A plausible implication is that PepTune's combined discrete diffusion and MCTG inference enables efficient exploration and exploitation of the combinatorial peptide space for multi-property design, while always enforcing strict chemical validity.
7. Workflow Summary and Algorithmic Overview
The entire process of PepTune is encapsulated in its MCTS-guided discrete diffusion pseudocode:
1 2 3 4 5 6 7 8 9 10 11 12 13 14 15 16 17 18 19 20 21 22 23 24 25 26 27 28 29 30 31 32 |
Inputs: MDLM denoiser p_θ(z_{t–1} | z_t),
K property scorers s₁,…,s_K,
time steps T, iterations I, children M.
Initialize: root node z_T = [MASK]^L;
Pareto set Π* = ∅;
visit counts N(·)=0, reward sums W(·)=0.
for i in 1…I:
# 1) SELECTION
node ← root
while node has MCTS-children:
for c in children(node):
U[c] = W[c]/N(c) # normalized vector reward
node ← UniformRandom(non-dominated U[c])
# 2) EXPANSION
Expand node by sampling M children {z_{s,j} via Gumbel-Max on p_θ(·|node).
# 3) ROLLOUT & EVALUATION
total_r = 0 (vector in ℝ^K)
for each child z_s,j:
x_j ← GreedyUnmaskChain(z_s,j until t=0)
s_vec = [s₁(x_j),…,s_K(x_j)]
r_vec = ComputeReward(s_vec, Π*) # eq. (7)

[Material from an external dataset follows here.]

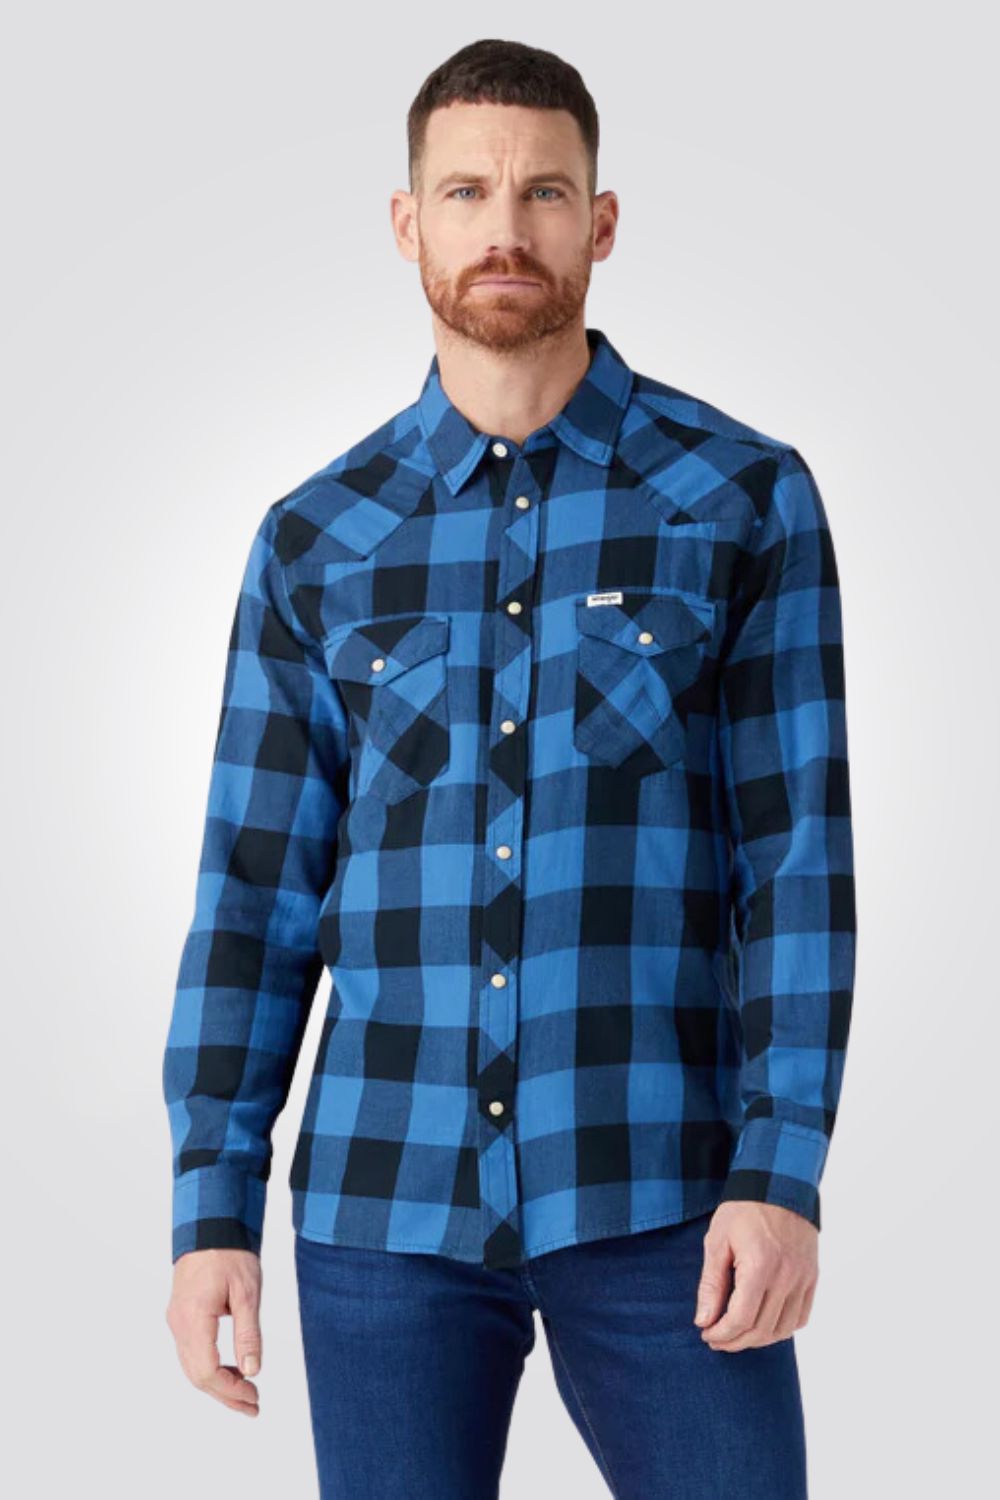 WRANGLER - חולצה מכופתרת משבצות בצבע כחול ושחור - MASHBIR//365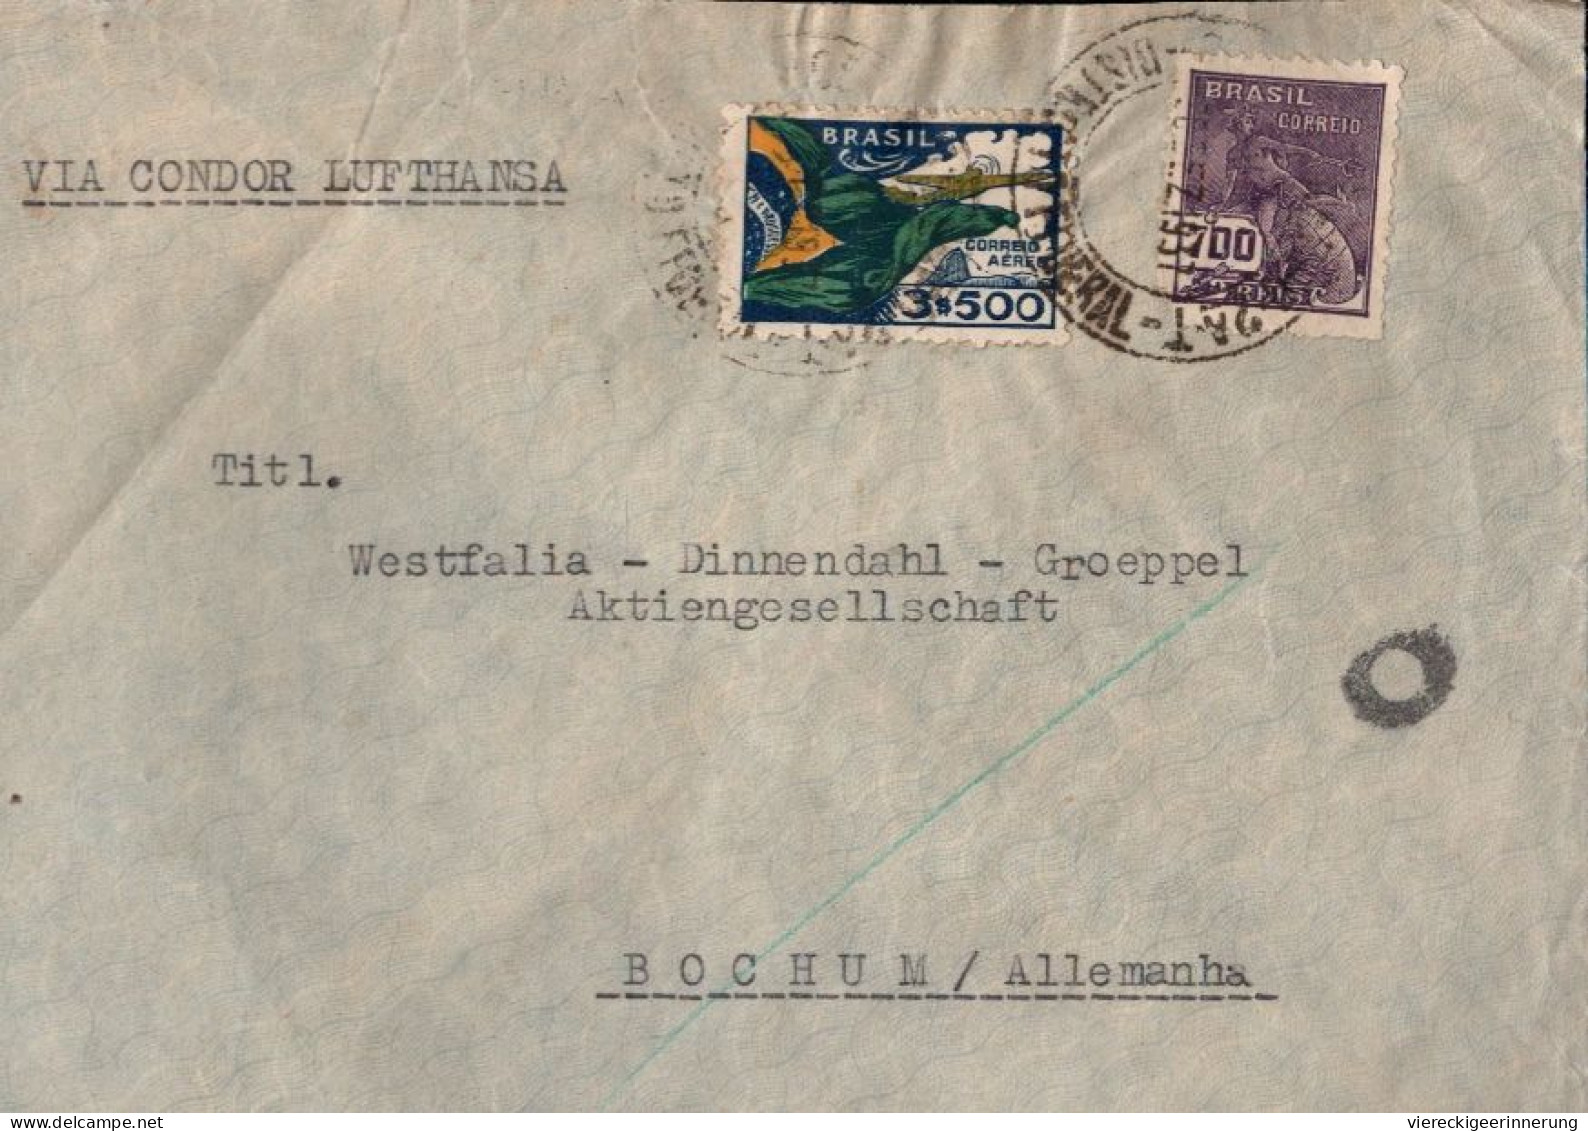 ! Luftpostbrief, Airmail Cover, 1937 Aus Rio De Janeiro, Brasilien, Via Condor Lufthansa, Nach Bochum - Posta Aerea

UpdatePareto(Π*, x_j, s_vec)
total_r += r_vec
# 4) BACKPROPAGATION
anc = node
while anc ≠ None:
W[anc] += total_r
N(anc) += 1
anc ← parent(anc)
return Π* # Pareto-optimal peptides |
Taken together, PepTune unifies masked discrete diffusion, chemically aware masking and invalidity handling, and MCTG-based multi-objective optimization to deliver a modular solution for the generation of valid, Pareto-optimal peptide therapeutics (Tang et al., 2024).